How Robots Are Entering Urban Environments

Cities Were Not Designed for Robots

A modern city is an obstacle course optimised for humans: narrow pavements, uneven surfaces, traffic lights that communicate through colour, pedestrian flows governed by social norms rather than protocols. Deploying an autonomous robot in this environment means confronting every assumption that makes factory robotics tractable.

The DustBot project understood this from the start. Its field trials deliberately targeted difficult urban settings — Peccioli’s medieval streets, Bilbao’s mixed pedestrian-traffic zones, and even Osaka’s dense urban fabric — to test whether autonomous service robots could function where people actually live.

The Peccioli Model

Peccioli is a town of roughly 5,000 people in Tuscany. Its historic centre has streets too narrow for conventional waste collection trucks, which is precisely what made it an ideal testbed. Residents would phone a dedicated number to request waste collection. DustCart would navigate to their location, collect the waste, and return to a deposit point.

This on-demand model differed from traditional scheduled collection in a fundamental way: the robot responded to individual requests rather than following a fixed route. It required robust communication infrastructure, reliable navigation, and enough intelligence to prioritise and sequence multiple requests efficiently.

Regulatory and Social Barriers

Technical capability is only half the story. Autonomous robots on public streets face regulatory challenges that vary enormously between jurisdictions. When DustBot began in 2006, there was essentially no regulatory framework for pavement robots anywhere in Europe.

Since then, progress has been uneven. Estonia became one of the first countries to legislate for delivery robots on pavements in 2017. The UK conducted extensive trials under the Automated and Electric Vehicles Act 2018. In the United States, regulations vary by state, with some permitting pavement robots up to certain weight limits and others requiring a human chaperone within a specified distance.

Social acceptance is equally variable. The DustBot consortium’s HRI (human-robot interaction) studies in Peccioli and Osaka found generally positive attitudes, but with significant cultural differences. Italian residents were curious and engaged; Japanese participants were polite but more cautious about physical proximity to the robot.

Infrastructure Requirements

An autonomous robot cannot simply be placed on a street and expected to function. The DustBot project required:

• A differential GPS base station installed in Peccioli with line-of-sight coverage across the operating area
• Wireless communication nodes providing continuous data links between the robot, the control centre, and the telephone request system
• Mapped environments — detailed digital maps of every street and obstacle the robot might encounter
• Charging and maintenance stations — the robot had limited battery life and needed regular servicing

Modern systems have reduced some of these requirements. Cloud-based mapping, ubiquitous 4G/5G coverage, and improved battery technology mean that a robot like Starship needs less dedicated infrastructure. But the principle holds: deploying robots in cities requires preparation beyond the robot itself.

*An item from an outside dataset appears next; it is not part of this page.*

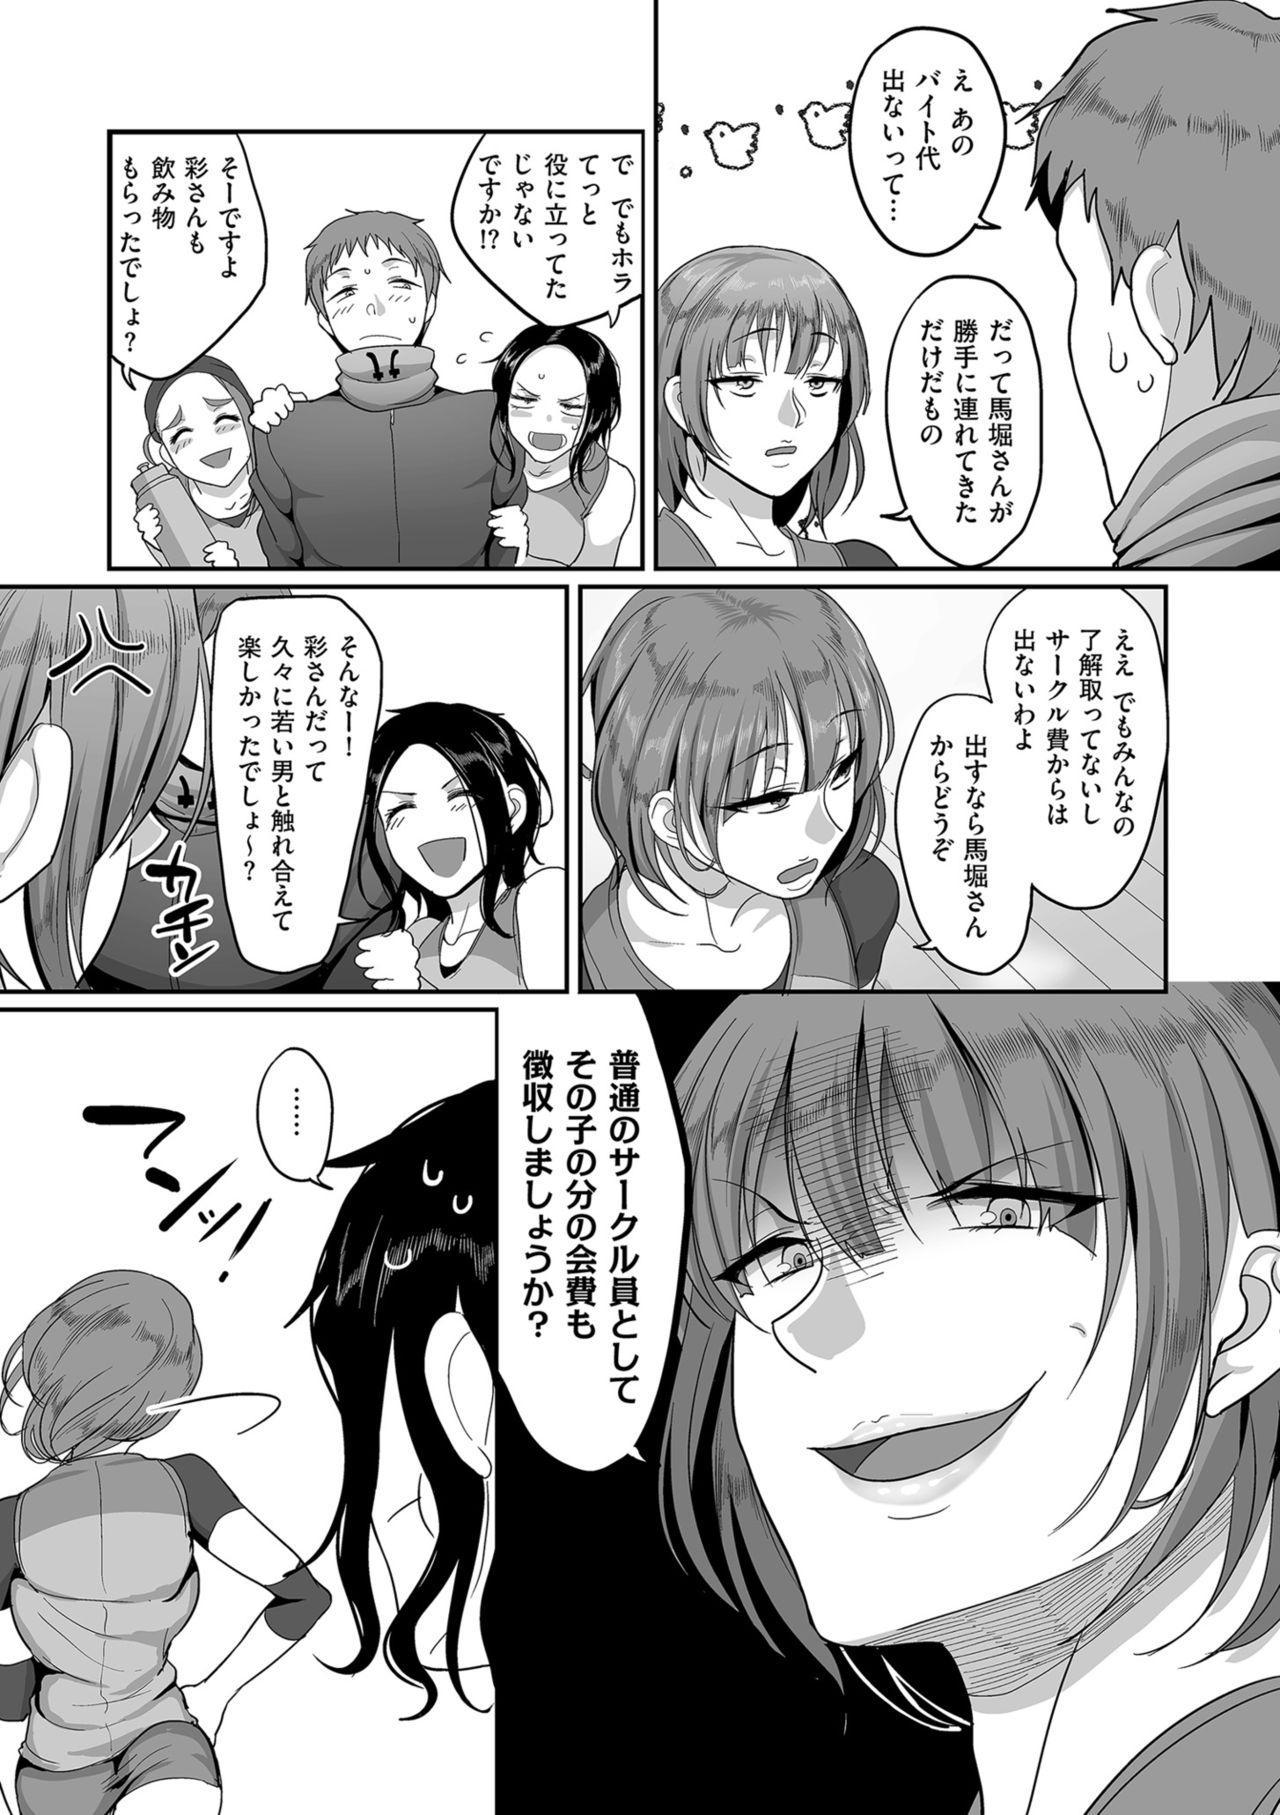 [Yamamoto Zenzen] S-ken K-shi Shakaijin Joshi Volleyball Circle no Jijou [Digital] 12

From the Lab: Bilbao’s Rain

A colleague who worked on the DustBot field trials in Bilbao once told me about the rain problem. The Basque Country receives over 1,200 mm of rainfall annually. DustClean’s laser rangefinder would occasionally interpret heavy rain as a dense field of obstacles, causing the robot to halt. The team eventually added a rain detection threshold to the sensor processing pipeline — a software fix for a fundamentally hardware problem. It was inelegant, but it worked. Real-world robotics is full of such compromises.

Current Deployments

As of 2026, autonomous robots operate on public streets in dozens of cities worldwide. Starship Technologies has completed millions of deliveries across university campuses and residential areas. Nuro operates driverless delivery vehicles on public roads in several US states. Gaussian Robotics and Trombia have deployed commercial cleaning robots in airports, shopping centres, and outdoor environments.

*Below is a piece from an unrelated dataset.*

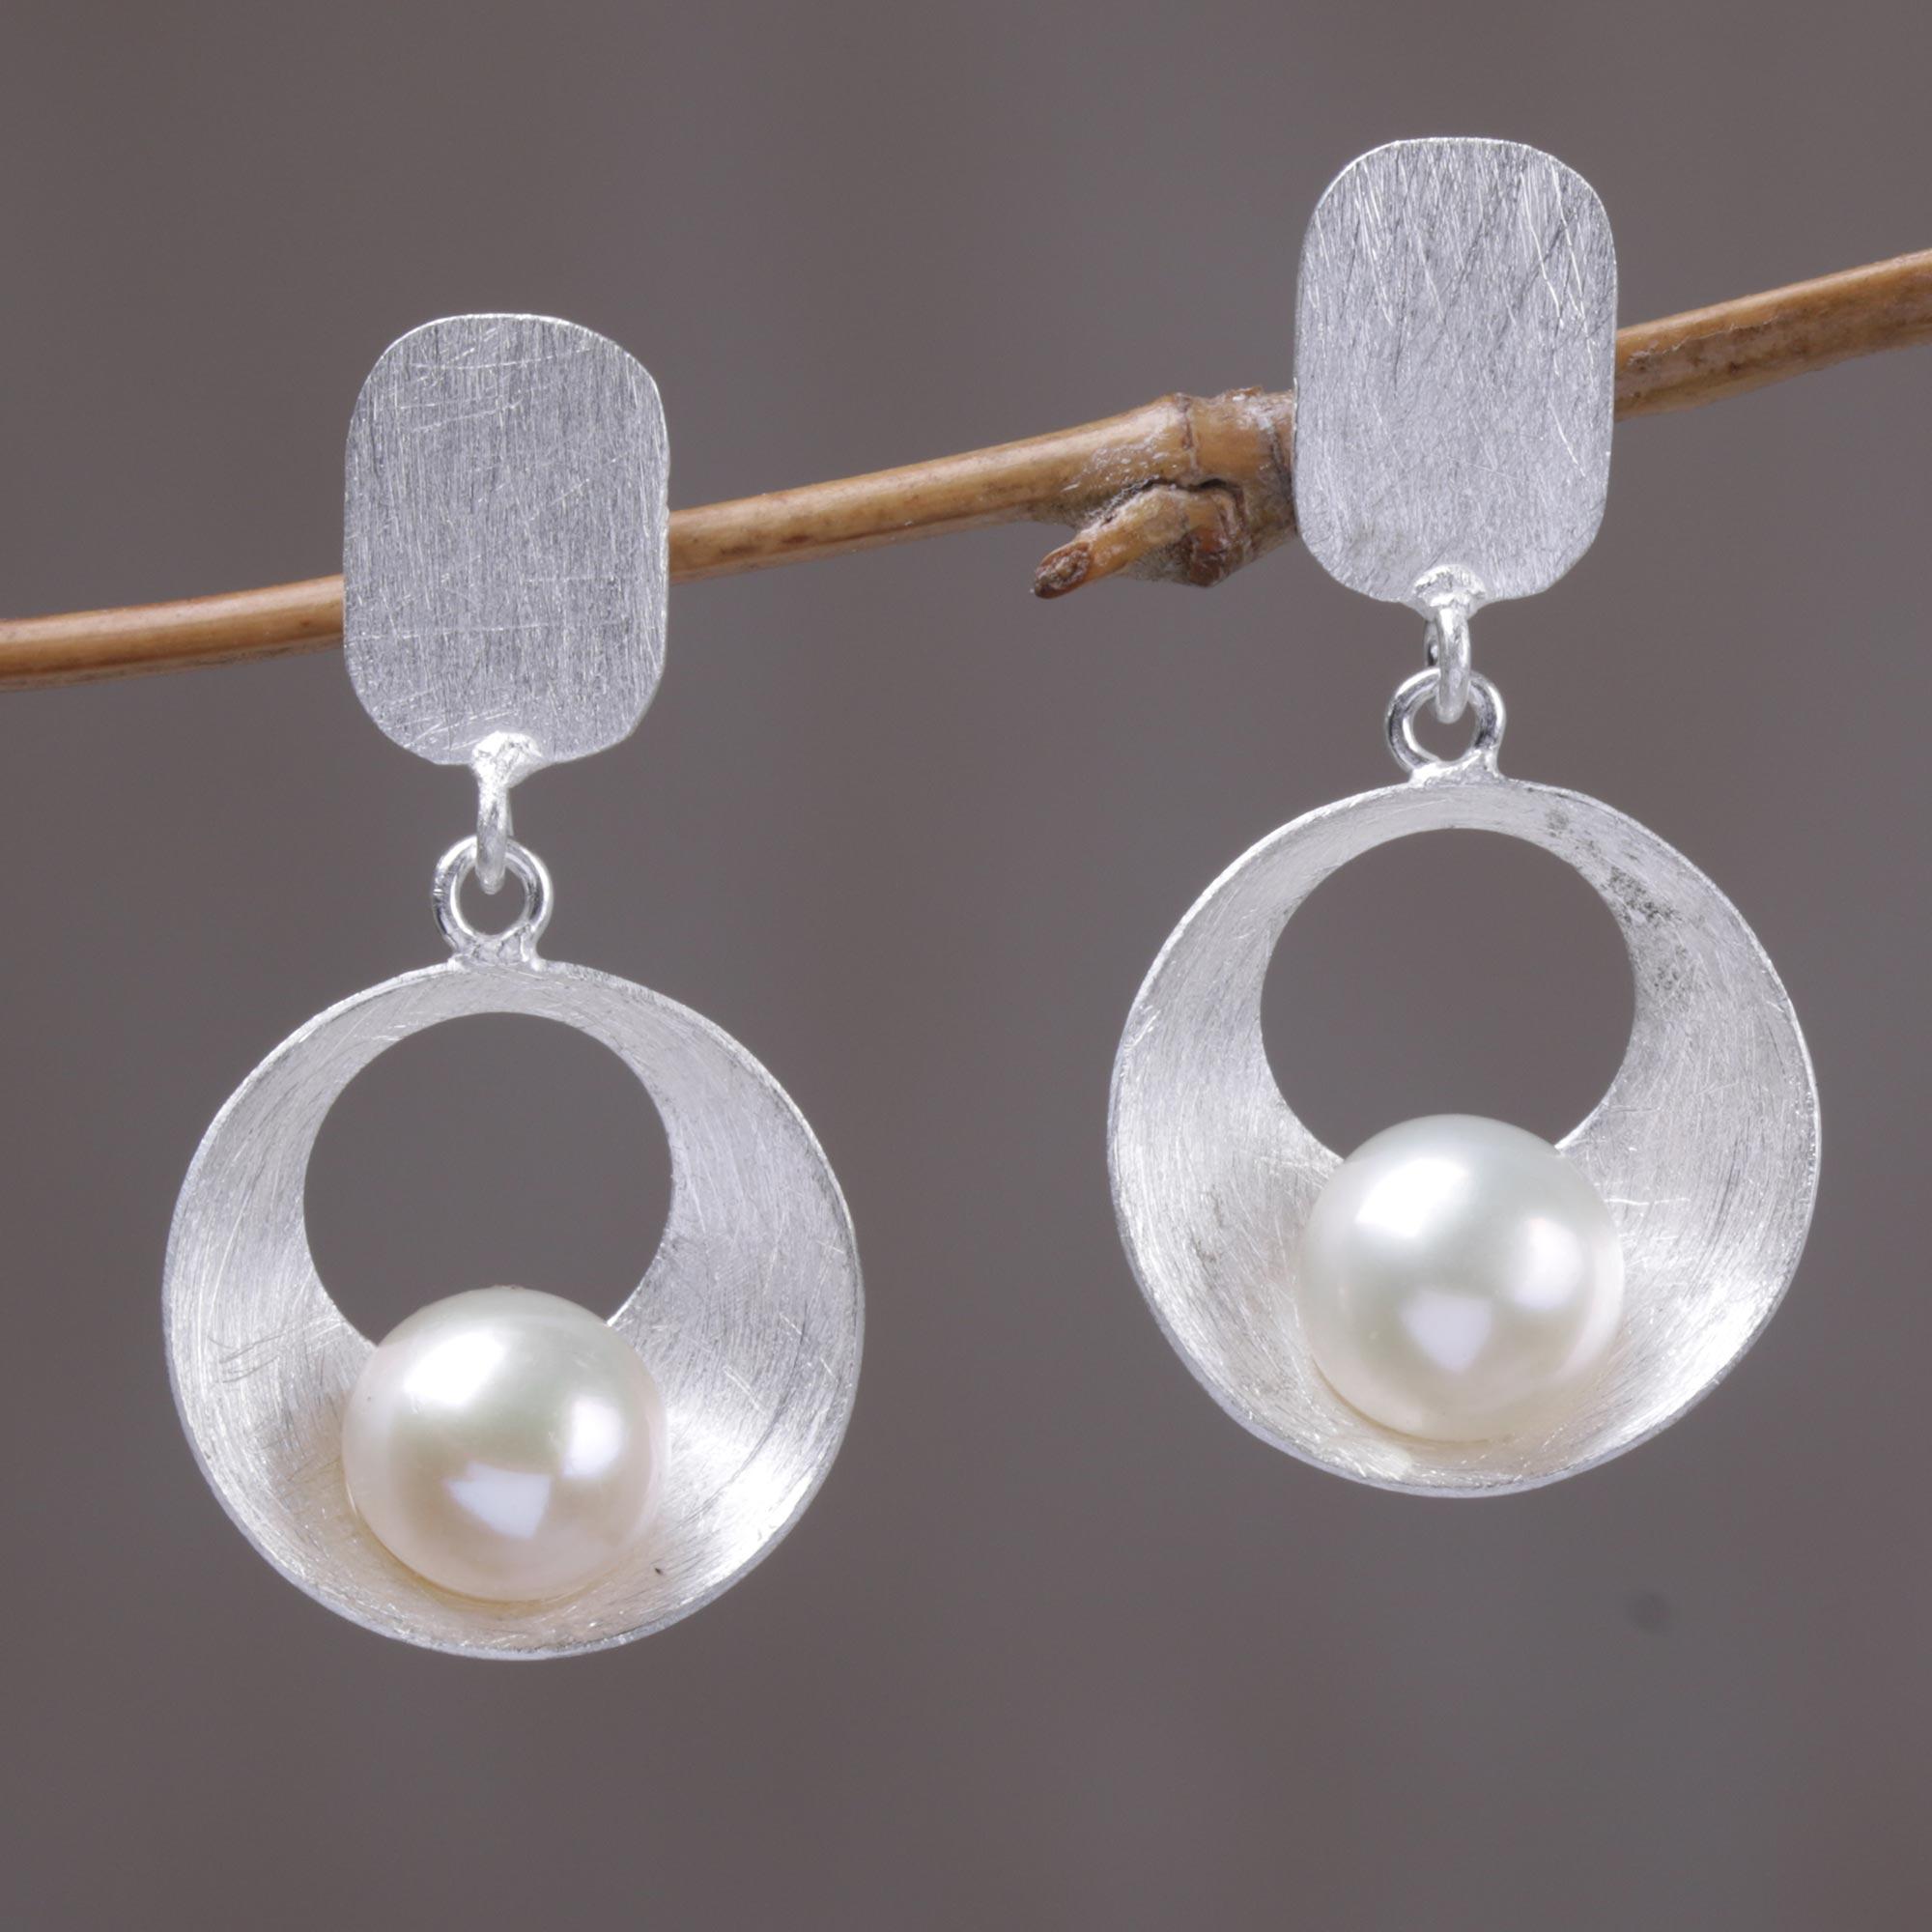 Vortex Sterling Silver Earrings

These are not research prototypes. They are commercial products generating revenue, collecting data, and gradually proving that the concept DustBot demonstrated in 2007 — autonomous robots providing municipal services — was ahead of its time rather than wrong.

What Comes Next

The next frontier is coordination. Individual robots navigating individual streets is largely a solved problem. Fleets of robots sharing a city with pedestrians, cyclists, cars, and each other is not. Multi-robot task allocation, fleet-level path planning, and shared situational awareness are active research areas that will determine whether urban service robots scale from novelty to utility.

The DustBot project envisioned exactly this: a networked system of cooperating robots. Its 2006 proposal described a fleet of DustCarts and DustCleans sharing information and coordinating tasks. The technology of the time limited what could be achieved. The technology of today is catching up to the vision.